I am writing by candlelight this morning, sipping a cup of coffee that is perhaps more sugar and milk than anything else; the color is caramel, and in the semi-dark of this room, I can watch the steam rise from the mug, swirling and dancing itself into disappearance.
I woke up early this morning and my mind has been going non-stop. I went for a quick run, getting called out by friends I saw on their way to the spinning class I’d cajoled them into attending, upon promises that I would be there too. I excused myself by saying I didn’t have time, for I have work to do this morning for my second job. That is true, and this post won’t be long, or probably even proofread.
The thing I’m considering the most this morning is the idea of a perfect day.

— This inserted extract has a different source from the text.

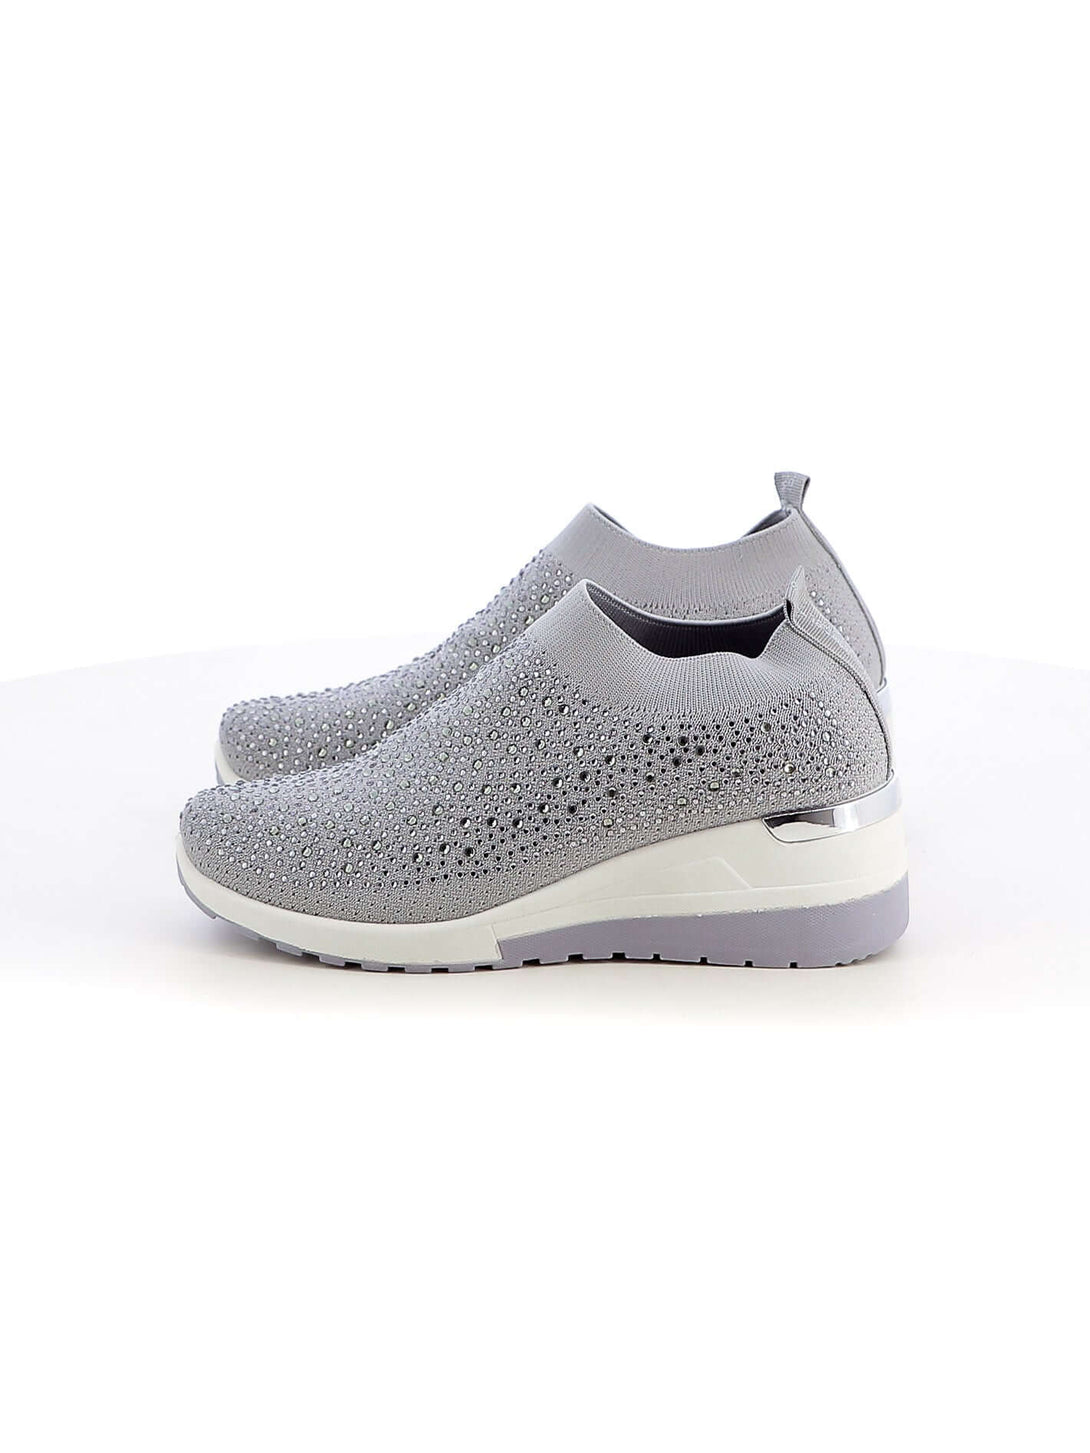 Sneakers calzino donna COTTON BELT CBW316524 grigio chiaro | Costa Superstore
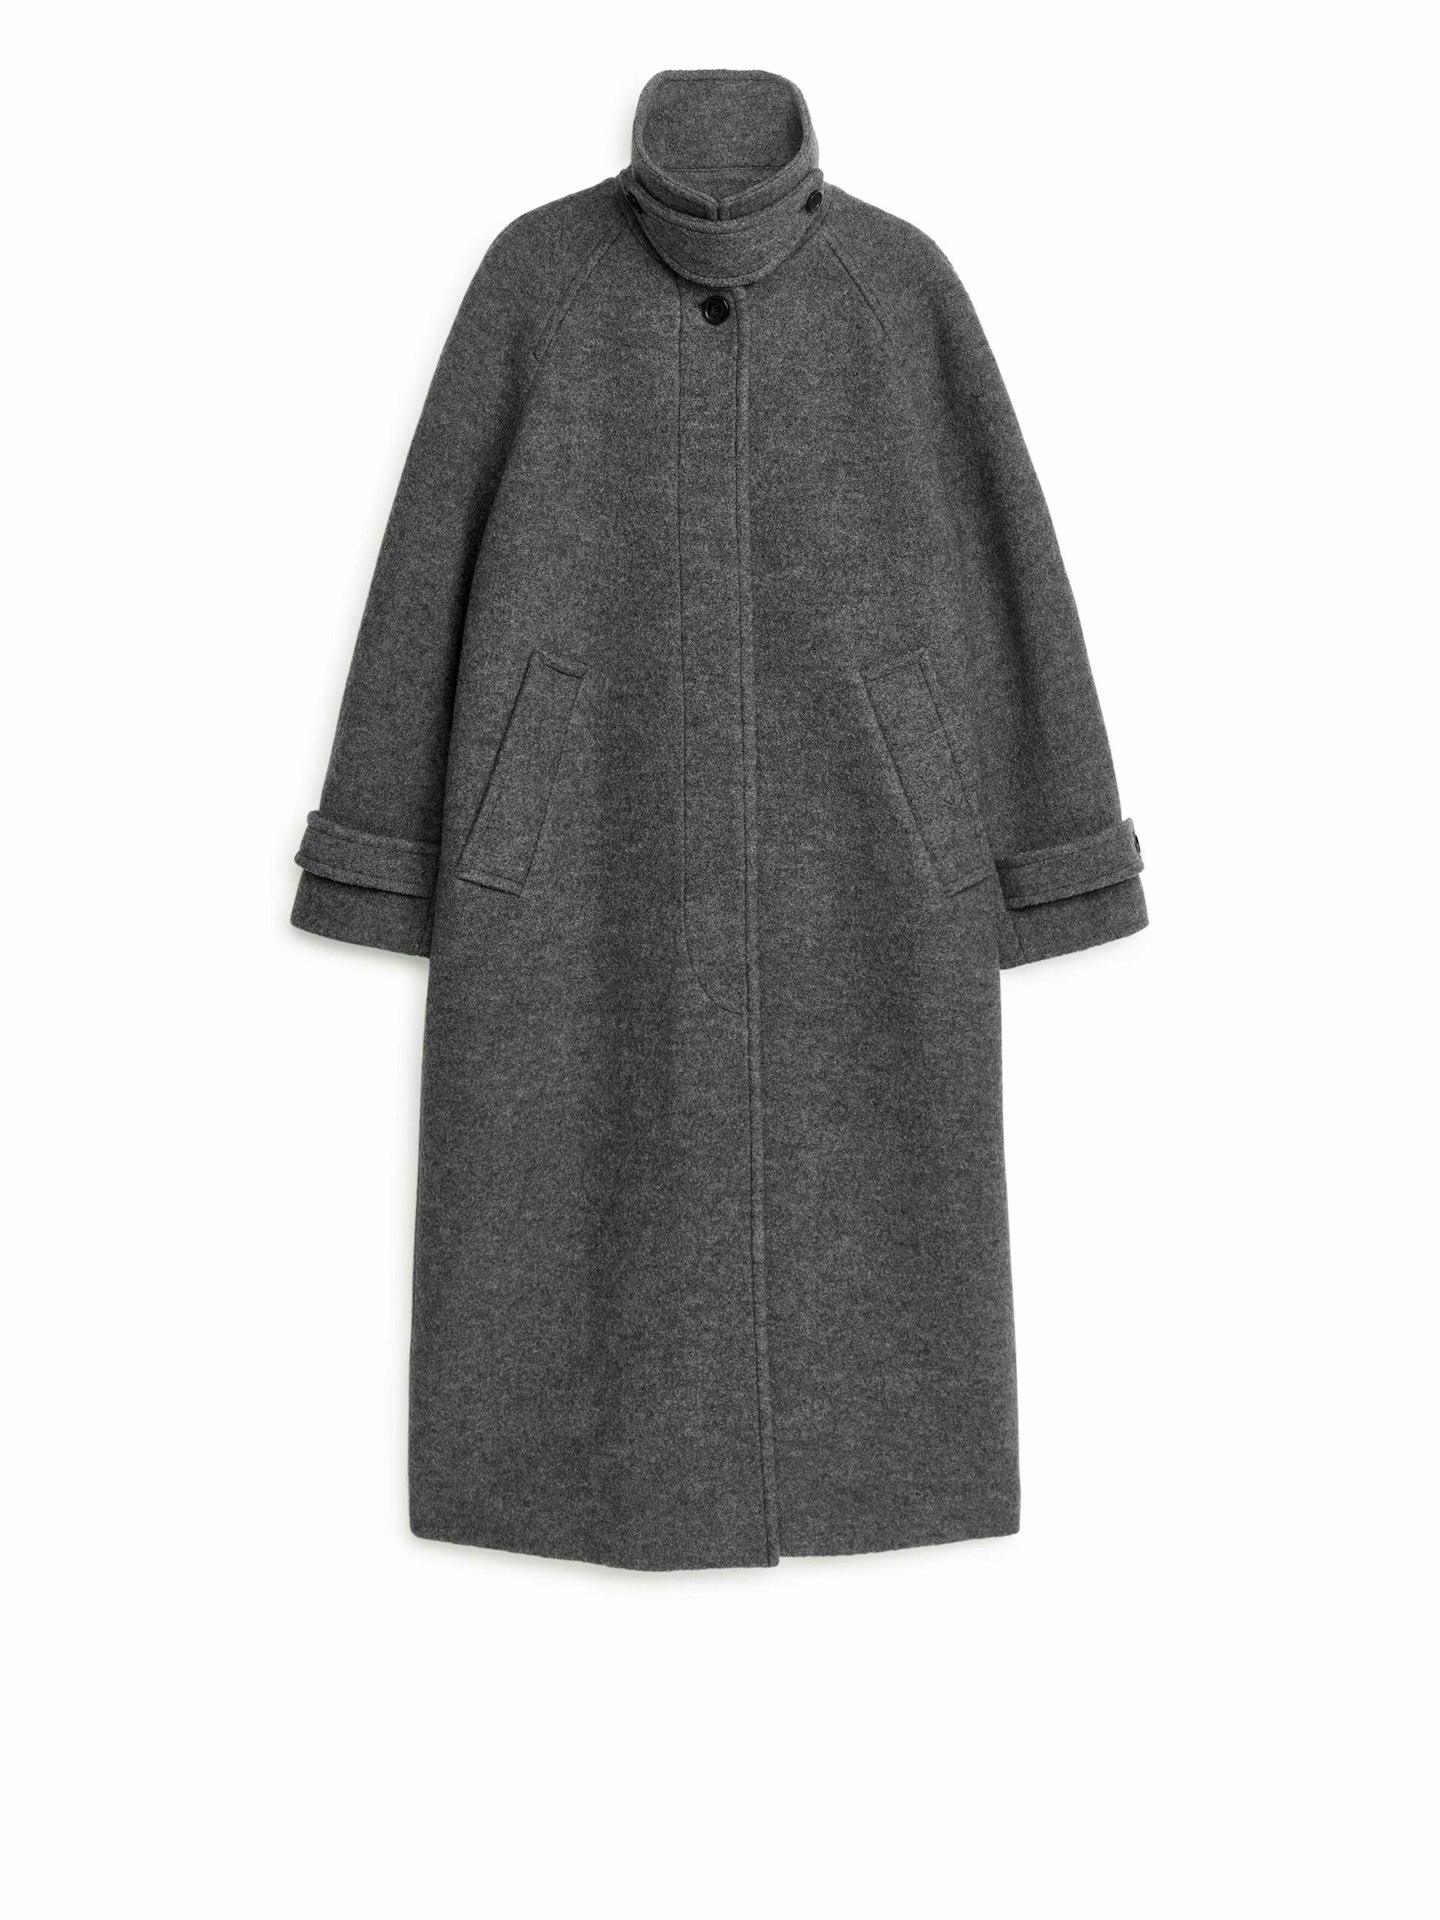 ARKET wool coat

What is yours? No, no, don’t answer that; I’m not interested in the pat answer you would offer if someone who you didn’t really know said that to you. I’m not thinking of the curl-up-in-bed-watching-movies answer that so many of us would offer, and which does, admittedly, sound wonderful.
Instead, I’m thinking of the perfect days you cannot yet imagine, because they have not yet happened. When I look at my entire life, I can think of a handful of experiences that truly lacked for nothing, which I wish I could build my life upon over and over. They are not the days I would describe if someone asked; they are the days that happened, exactly as they were supposed to happen, and I couldn’t have wished for them. They just came.
I know that every day contains good and bad, and that the ones that I’m thinking of now were not free from negativity, in all likelihood. But any that was there has been eclipsed by the positive, and by the joy.
My perfect days would mean nothing to you. I can’t describe them in detail in a way you would understand, because they are so tied to emotion, and so tied to the moment in which they happened, that they couldn’t be examined objectively, or shared fully with anyone who did not also experience them. Among many that I will remember for the rest of my life:
A day in a canoe.
An utterly stereotypical Parisian day.
A rainy summer evening.
An overnight in New York.
One morning, in my apartment in Virginia.
That time with the strawberry cheesecake ice cream.
A picnic at the ocean.
I don’t strive for perfection. As a good friend says, done is better than good. Still, when I am not seeking it or wishing for it or needing it, sometimes perfection finds me, anyway. On this morning, with its candles and coffee and thought, I’m reflecting on the many surprises of life. The possibility of those days is one of my favorites.